What is the normal rent for bees on a farm? He mentioned 80 hives.

And the people with the bees are Hackenberg Apiaries out of Lewisburg, PA. He says the bees are in Maine now doing blueberries, and they'll come to here from there.

Jennifer


----------



## Elizabeth

For 80 hives I would ask for a gallon of honey, but it kind of depends a lot on what they are foraging on while on your property and how much honey they actually make. The Hackenbergs were the first beekeepers to report CCD losses a couple of years ago and as I recall they lost THOUSANDS of hives. So, they may be hard pressed to even come up with a couple of jars of honey this year. 

FWIW, I know of the Hackenbergs. They are members of the same beekeepers association in Florida which I was a member of when I lived down there. I don't really know them since they were on the road a lot during the time I was attending meetings, but their reputation is solid amongst people who have known them for many decades.

My rule of thumb on placing hives is this- if the landowner hires me to place hives for crop pollination, he pays me for the service. If I request permission to bring in hives and the landowner benefits from pollination, either his crops or a garden, then the "rent" is the pollination and I offer some honey by way of thanks.
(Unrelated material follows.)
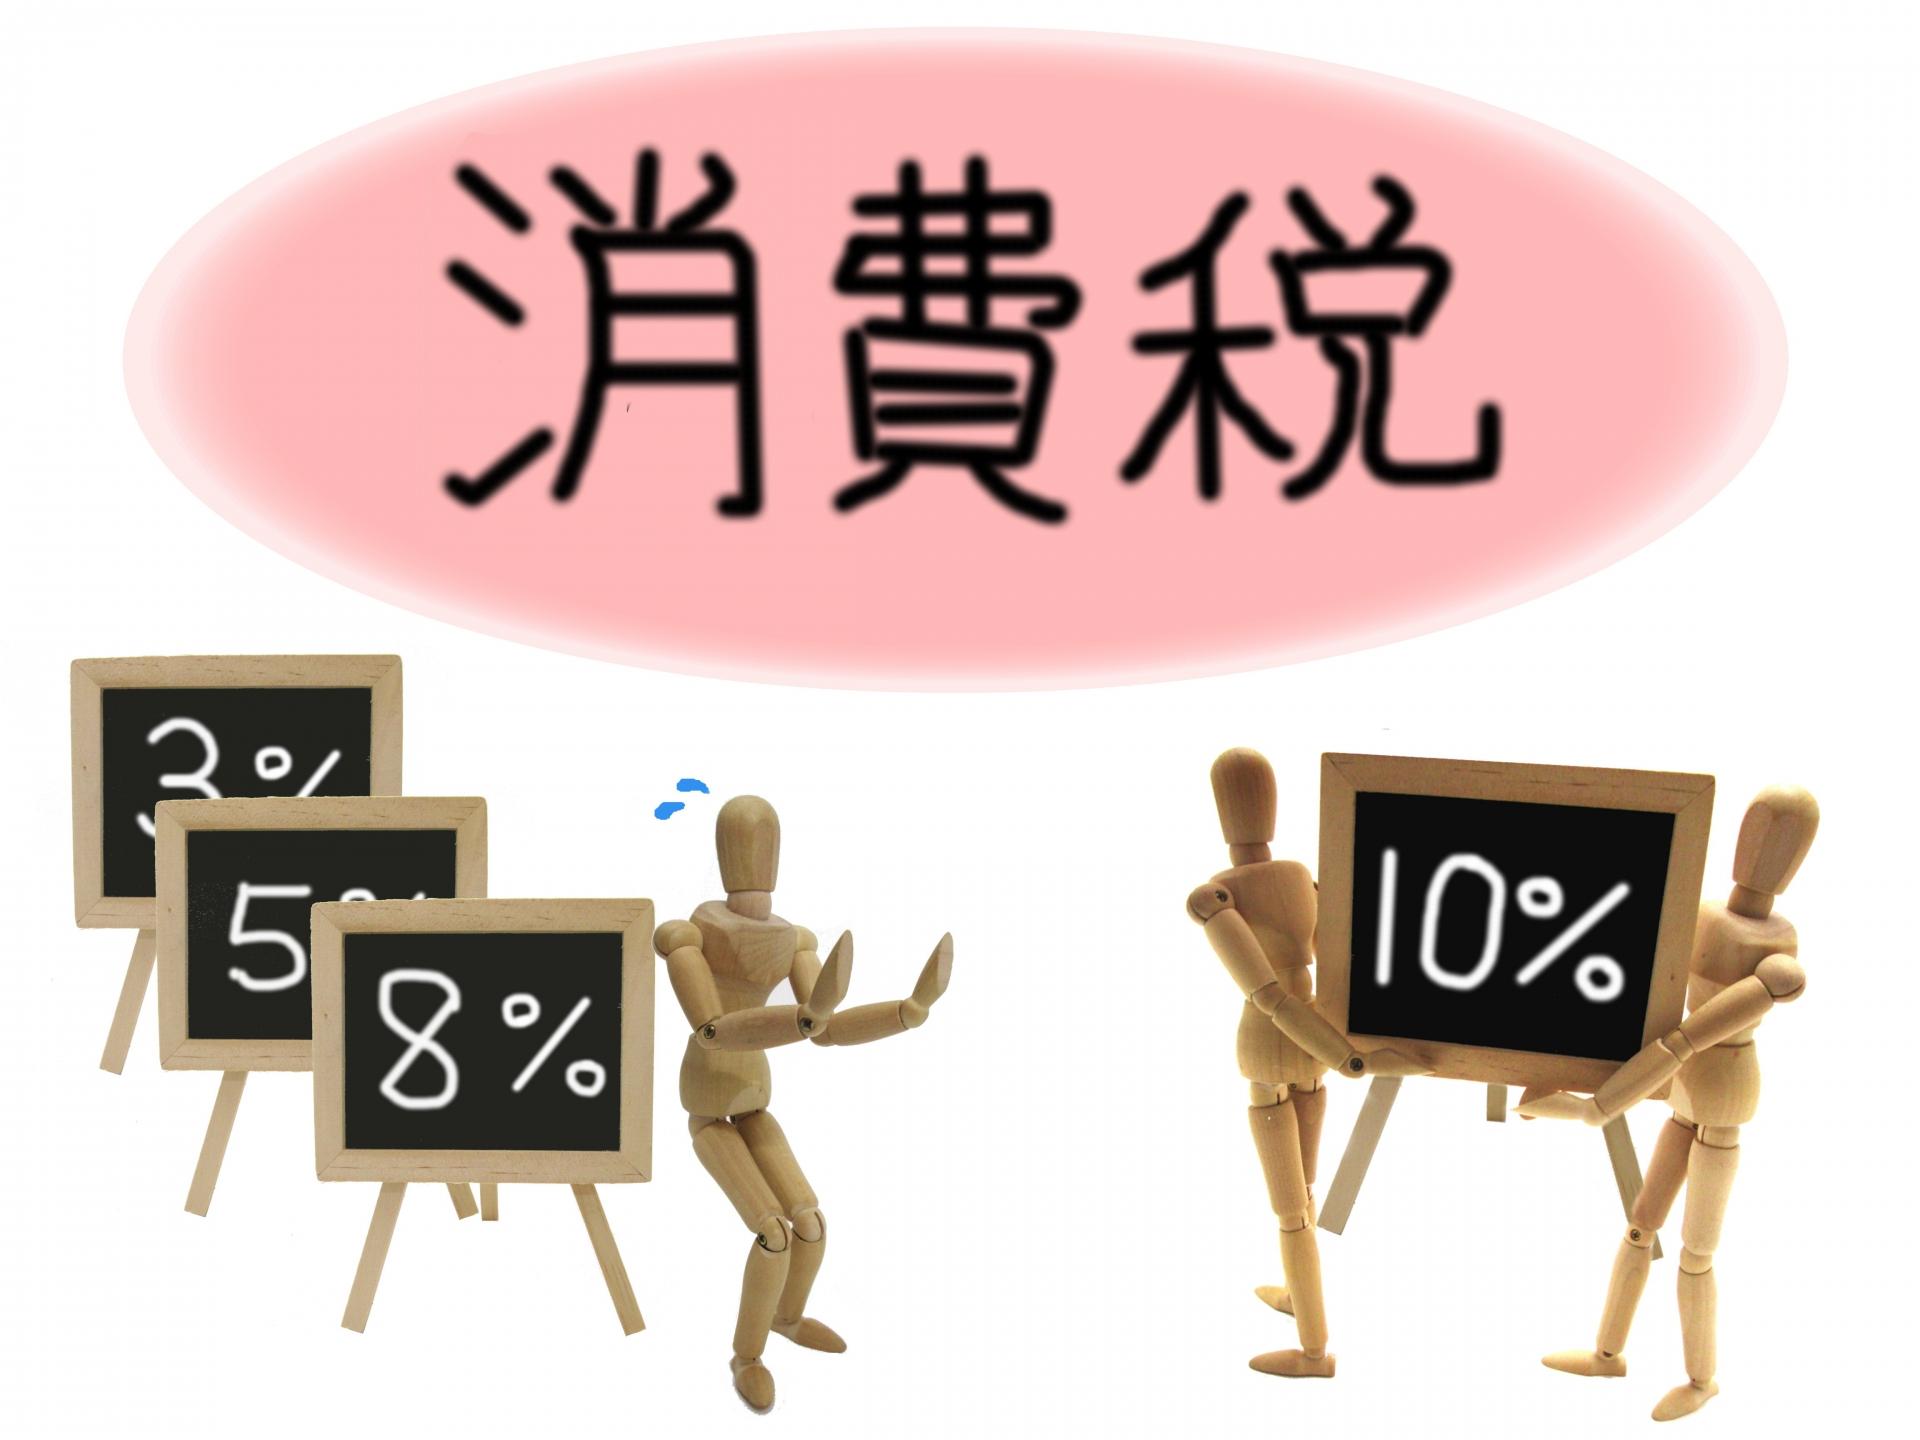 消費税増税で円安になる?

If the only forage is tree crops from which the landowner doesn't really benefit directly, then I'll offer a little more honey- usually not more than a gallon, or the equivalent in quart or pint jars. Fact is, most people don't use a gallon of honey a year, and even when giving a few jars I have had property owners tell me that they didn't use what I gave them the year before. I always tell them they need to eat more honey, lol, but I'm not going to force it on anyone.


----------



## no1cowboy

Around here its typical to give a pound of honey per hive, but then the hives are left on the property all season.


----------



## alleyyooper

I give a quart of honey to the land owner any time they ask for their own use. Some have asked me for some for their next door neighbour so I charge them for it at the going rate.
For 80 hives I would give more than a couple jars and throw in some capping wax too if they could use it.

 Al


----------



## Batt

Usually about 1# of honey per hive per year, minimum 1Qt. A bit more if it is a good year. But it has been a while since I had to rent. That is what I usually gave without being asked back when I had more hives. 80 hives is a lot of ground that is otherwise unusable. I'm thinking a 5 gal. bucket at least...then again I may be out of touch. 5 Gal = roughly $150 or about $2 per hive.


----------



## hiswife

I would love for someone to come and put hives on my property! Does anyone have any suggestions about where to look to contact someone to offer? I have 5 acres and am surrounded by corn, wheat and soybeans (and a few cattle on one side) and am in central Missouri.


----------



## Mike in Ohio

So basically it sounds like a pollination outfit that travels quite a bit. They are probably looking for a place to keep hives when they are not on the road or if they are starting new hives.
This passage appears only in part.